If you need to customize this method for any reason, you should do it via ``extra``
and keep the other patterns unchanged.
The string ``extra`` will appear between other fixed patterns in the file name.
One possible usecase is this: in distributed writing, you want files written by different workers
to be distinguishable by the file names. Do something like this::
def worker(datapath: str, worker_id: str, ...):
out = Biglist(datapath)
_make_file_name = out.make_file_name
out.make_file_name = lambda buffer_len: _make_file_name(buffer_len, worker_id)
...
"""
if extra:
extra = extra.lstrip('_').rstrip('_') + '_'
return f"{datetime.utcnow().strftime('%Y%m%d%H%M%S.%f')}_{extra}{str(uuid4()).replace('-', '')[:10]}_{buffer_len}"
# File name pattern introduced on 7/25/2022.
# This should guarantee the file name is unique, hence
# we do not need to verify that this file name is not already used.
# Also include timestamp and item count in the file name, in case
# later we decide to use these pieces of info.
# Changes in 0.7.4: the time part changes from epoch to datetime, with guaranteed fixed length.
# Change in 0.8.4: the uuid part has dash removed and length reduced to 10; add ``extra``.
def _flush(self) -> None:
"""
Persist the content of the in-memory buffer to a file,
reset the buffer, and update relevant book-keeping variables.
This method is called any time the size of the in-memory buffer
reaches ``self.batch_size``. This happens w/o the user's intervention.
"""
if not self._append_buffer:
# Called by `self.flush`.
return
buffer = self._append_buffer
buffer_len = len(buffer)
self._append_buffer = []
datafile_ext = self.storage_format.replace('-', '_')

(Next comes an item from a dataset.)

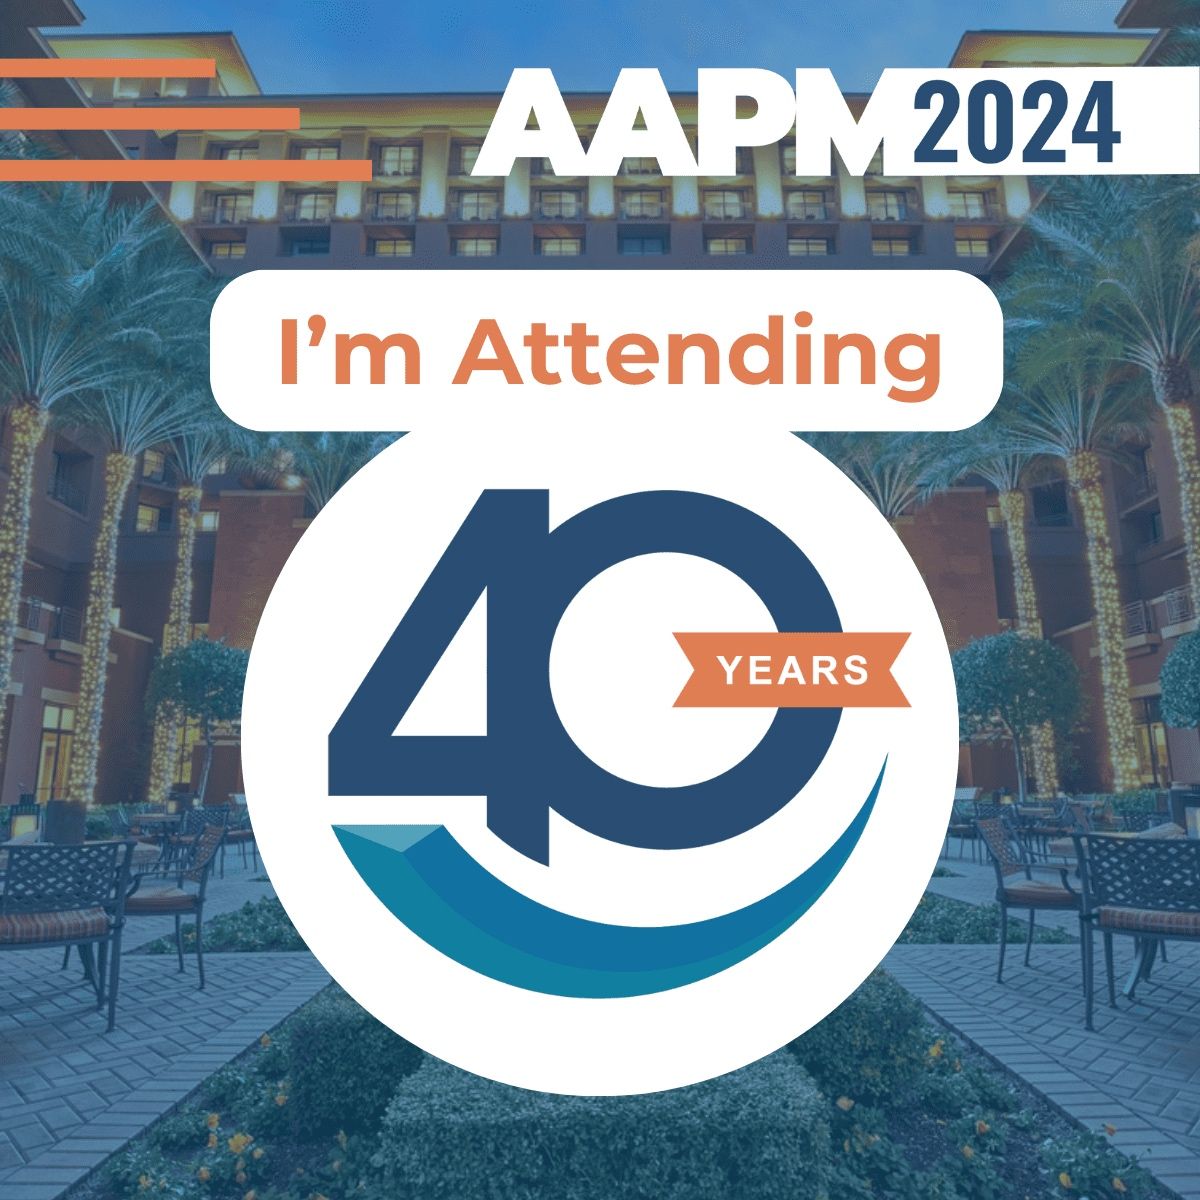 Hikma will be attending the American Academy of Pain Medicine (AAPM) 2024 Annual Meeting from March 7-10 in Scottsdale, AZ. Stop by our booth to meet the team and learn more about how we can help you meet the needs of your providers and patients. #AAPM2024

filename = f'{self.make_file_name(buffer_len)}.{datafile_ext}'
data_file = self.data_path / filename
if self._file_dumper is None:
self._file_dumper = Dumper(self._get_thread_pool(), self._n_write_threads)
self._file_dumper.dump_file(
self.registered_storage_formats[self.storage_format].dump,
buffer,
data_file,
**self._serialize_kwargs,
)
# This call will return quickly if the dumper has queue
# capacity for the file. The file meta data below
# will be updated as if the saving has completed, although
# it hasn't (it is only queued). If dumping failed, the entry
# will be deleted in `flush()`.
self._append_files_buffer.append((filename, buffer_len))
def flush(self, *, lock_timeout=300, raise_on_write_error: bool = True) -> None:
"""
:meth:`_flush` is called automatically whenever the "append buffer"
is full, so to persist the data and empty the buffer.
(The capacity of this buffer is equal to ``self.batch_size``.)
However, if this buffer is only partially filled when the user is done
adding elements to the biglist, the data in the buffer will not be persisted.
This is the first reason that user should call ``flush`` when they are done
adding data (via :meth:`append` or :meth:`extend`).
Although :meth:`_flush` creates new data files, it does not update the "meta info file"
(``info.json`` in the root of ``self.path``) to include the new data files;
it only updates the in-memory ``self.info``. This is for efficiency reasons,
because updating ``info.json`` involves locking.
Updating ``info.json`` to include new data files (created due to :meth:`append` and :meth:`extend`)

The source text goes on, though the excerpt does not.